McCain praised Libya's rebels as his "heroes."

Rebels in the western city of Misrata, besieged by Qaddafi troops for nearly two months, raised their tricolor flag atop an eight-story building in celebration after driving pro-government snipers out of it and neighboring buildings Thursday.

The building commands a strategic view of the central part of Libya's third-largest city and the key main thoroughfare of Tripoli Street, and the snipers had terrorized residents and pinned down rebel fighters.

"Spirits are high but the military situation is still unknown," said one rebel who spoke on condition of anonymity because he feared retaliation. "The rebels easily entered yesterday, so it was clear that the Qaddafi forces quickly withdrew."

Hundreds of people have been killed as government forces have attacked the rebel-held city, with NATO's air campaign largely unable to strike at the attackers because of their proximity to civilians. The deployment of Predator drones could be more effective. U.S. Marine Gen. James Cartwright said the drones "are uniquely suited for urban areas," with their ability to fly lower and counteract the pro-Qaddafi forces' tactic of traveling in civilian vehicles that are difficult to distinguish from those of rebel forces.

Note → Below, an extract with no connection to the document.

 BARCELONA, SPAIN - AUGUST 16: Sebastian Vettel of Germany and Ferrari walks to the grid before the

The first Predator mission since President Obama's go-ahead was flown Thursday, but the aircraft -- armed with Hellfire missiles -- turned back due to poor weather conditions without firing any of its munitions, Cartwright said.

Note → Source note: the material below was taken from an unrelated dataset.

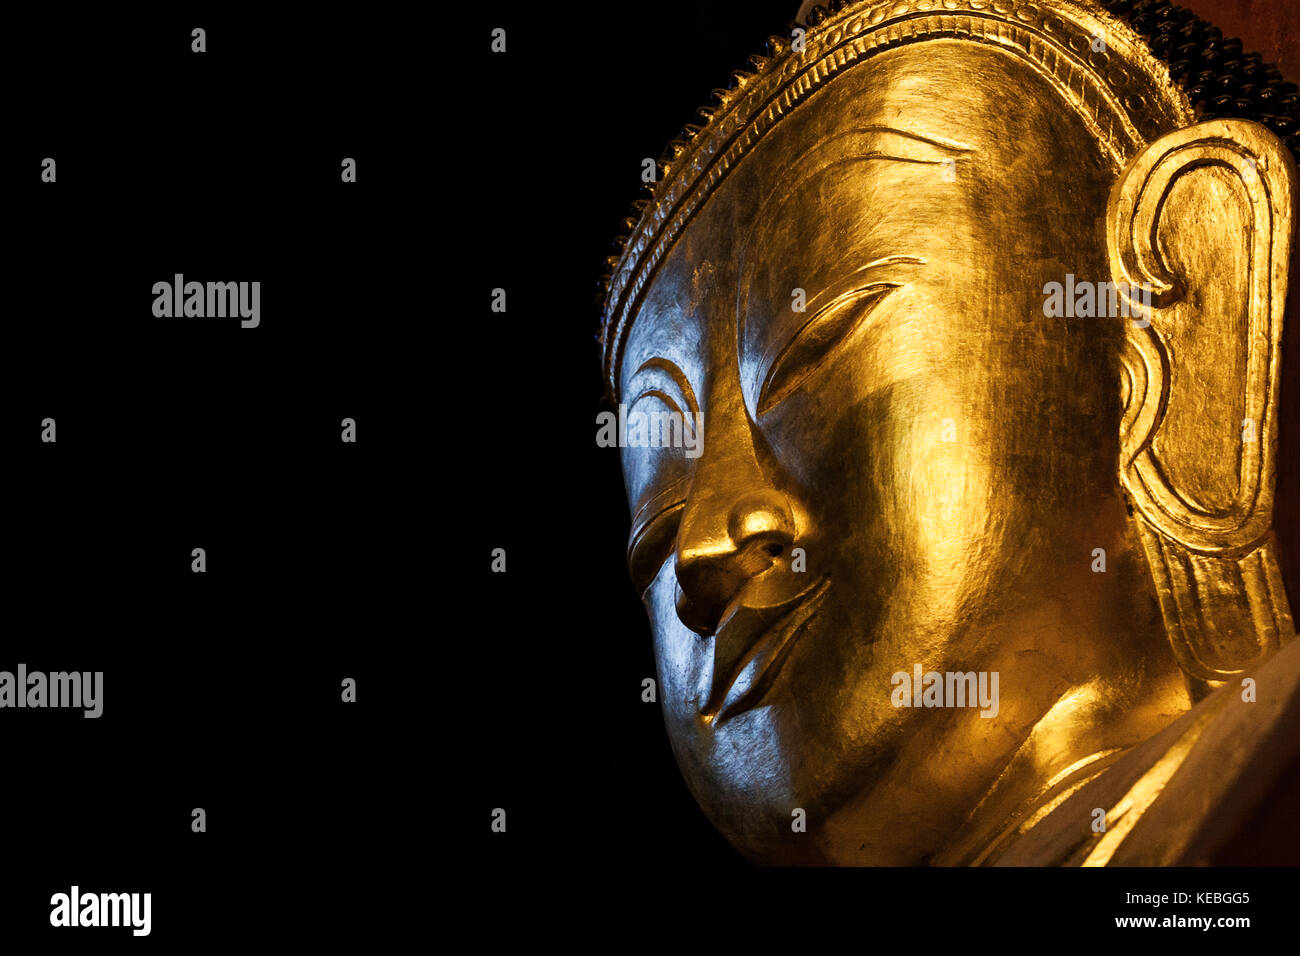 Tête de Bouddha en or isolé sur fond noir. belle grosse tête de Bouddha Statue de Bouddha dans le cadre de la pratique de la pleine conscience à un cave temple en thailande Banque D'Images

McCain, one of the strongest proponents in Congress of the U.S. military intervention in Libya, said he was in Benghazi "to get an on-the-ground assessment of the situation" and planned to meet with the rebel National Transition Council, the de facto government in the eastern half of the country, and members of the rebel military.

"They are my heroes," McCain said of the rebels as he walked out of a Benghazi hotel. A few Libyans waved American flags as his vehicle drove past.

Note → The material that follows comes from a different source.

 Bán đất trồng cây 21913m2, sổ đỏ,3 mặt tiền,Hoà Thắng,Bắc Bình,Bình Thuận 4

McCain, the top Republican on the Senate Armed Services Committee, is the highest level American official to visit the rebel-held east, giving a boost to the anti-Qaddafi forces. Details of the trip were shrouded in secrecy due to heightened security in a country fiercely divided by the two-month-old anti-Qaddafi rebellion.

Invoking the humanitarian disasters in Rwanda and Bosnia in the 1990s, McCain pressed for U.S. military intervention in Libya in February, weeks before the U.N. Security Council authorized military action to protect civilians and impose a no-fly zone.

When Obama acted with limited congressional consultation, McCain -- who was the 2008 Republican presidential contender running against Obama -- defended the president, saying he couldn't wait for Congress to take even a few days to debate the use of force. If he had, "there would have been nothing left to save in Benghazi," the rebels' de-facto capital.

But as the U.S. handed operational control over to NATO -- and withdrew U.S. combat aircraft -- McCain criticized the administration.

"For the United States to withdraw our unique offensive capabilities at this time would send the wrong signal," McCain said. He said the U.S. must not fail in Libya and said he spoke as someone experienced in a lost conflict, a reference to his time as a prisoner of war in Vietnam, where he served as a Navy pilot.

McCain also has pushed for arming the rebels, saying the U.S. and its partners cannot allow Qaddafi to consolidate his hold on one section of the country and create a military deadlock.

Also Friday, a fourth ship chartered by the International Organization for Migration is leaving Benghazi to evacuate stranded migrant workers and wounded civilians from Misrata.

The latest voyage, which will also bring 160 tons of food, medical supplies, tents and mattresses to residents trapped in the city by the fighting, follows three earlier evacuations of more than 3,100 people from Misrata on another IOM-chartered vessel, the Ionian Spirit.

The Associated Press contributed to this report.